→ **DATA TO PROCESS**
*** Begin section ***
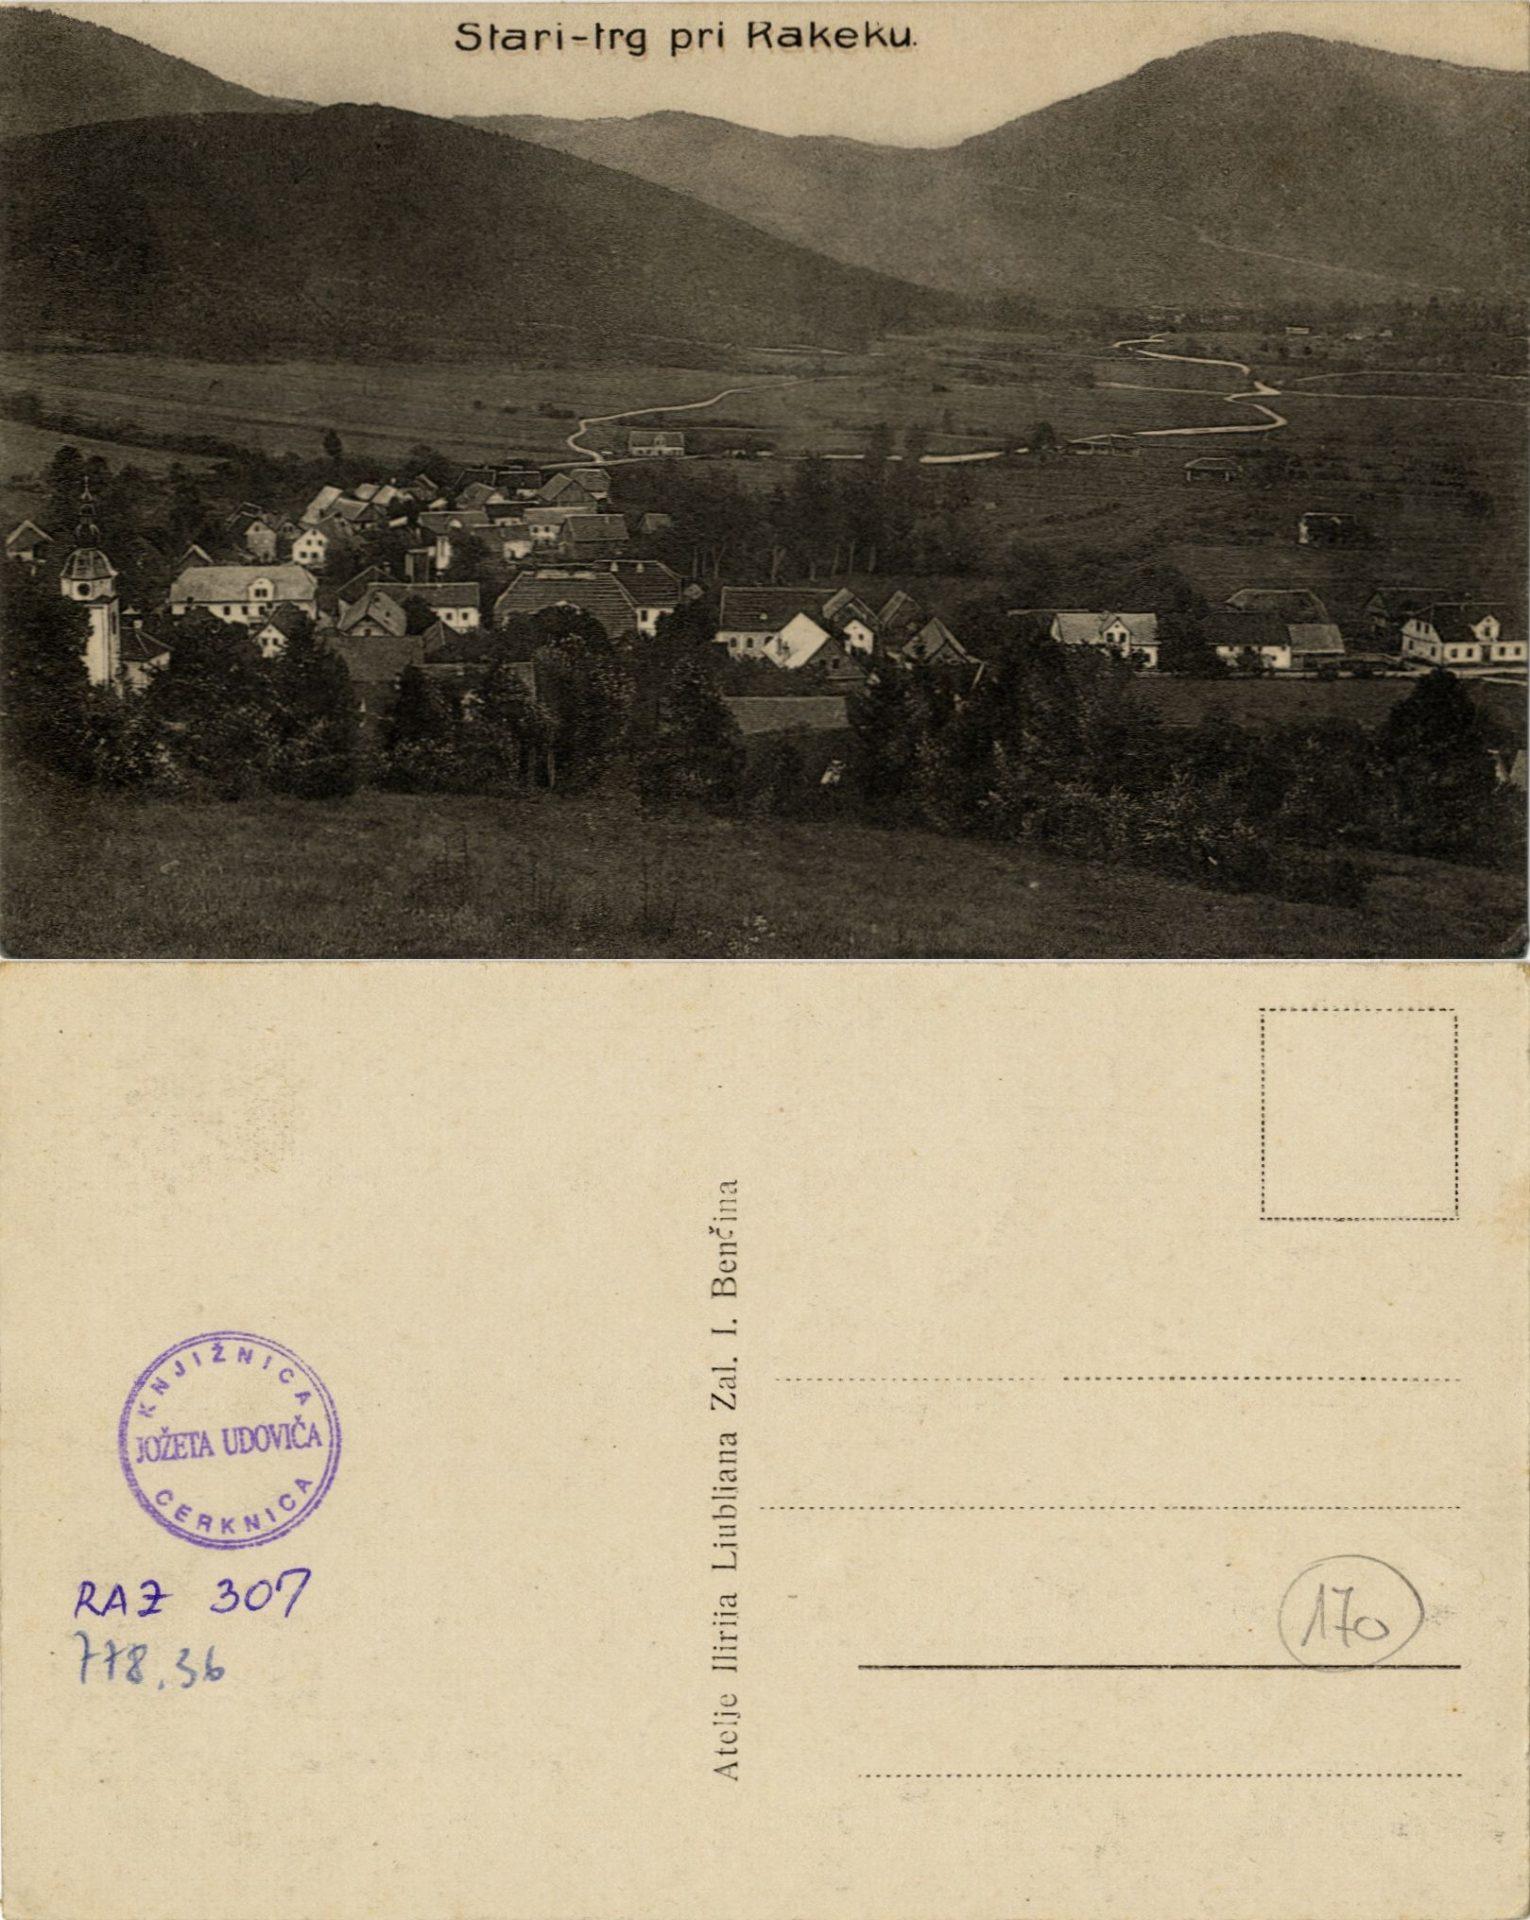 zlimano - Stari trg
*** End section ***
*** Begin section ***
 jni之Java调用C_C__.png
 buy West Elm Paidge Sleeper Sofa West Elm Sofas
*** End section ***
→ **TASK BRIEF**
In the listing above, find the line with "jni之Java调用C_C__.png" and the line with "buy West Elm", then reproduce both and every line between them exactly.

→ **OUTPUT FOR THIS EXERCISE**
 jni之Java调用C_C__.png
 buy West Elm Paidge Sleeper Sofa West Elm Sofas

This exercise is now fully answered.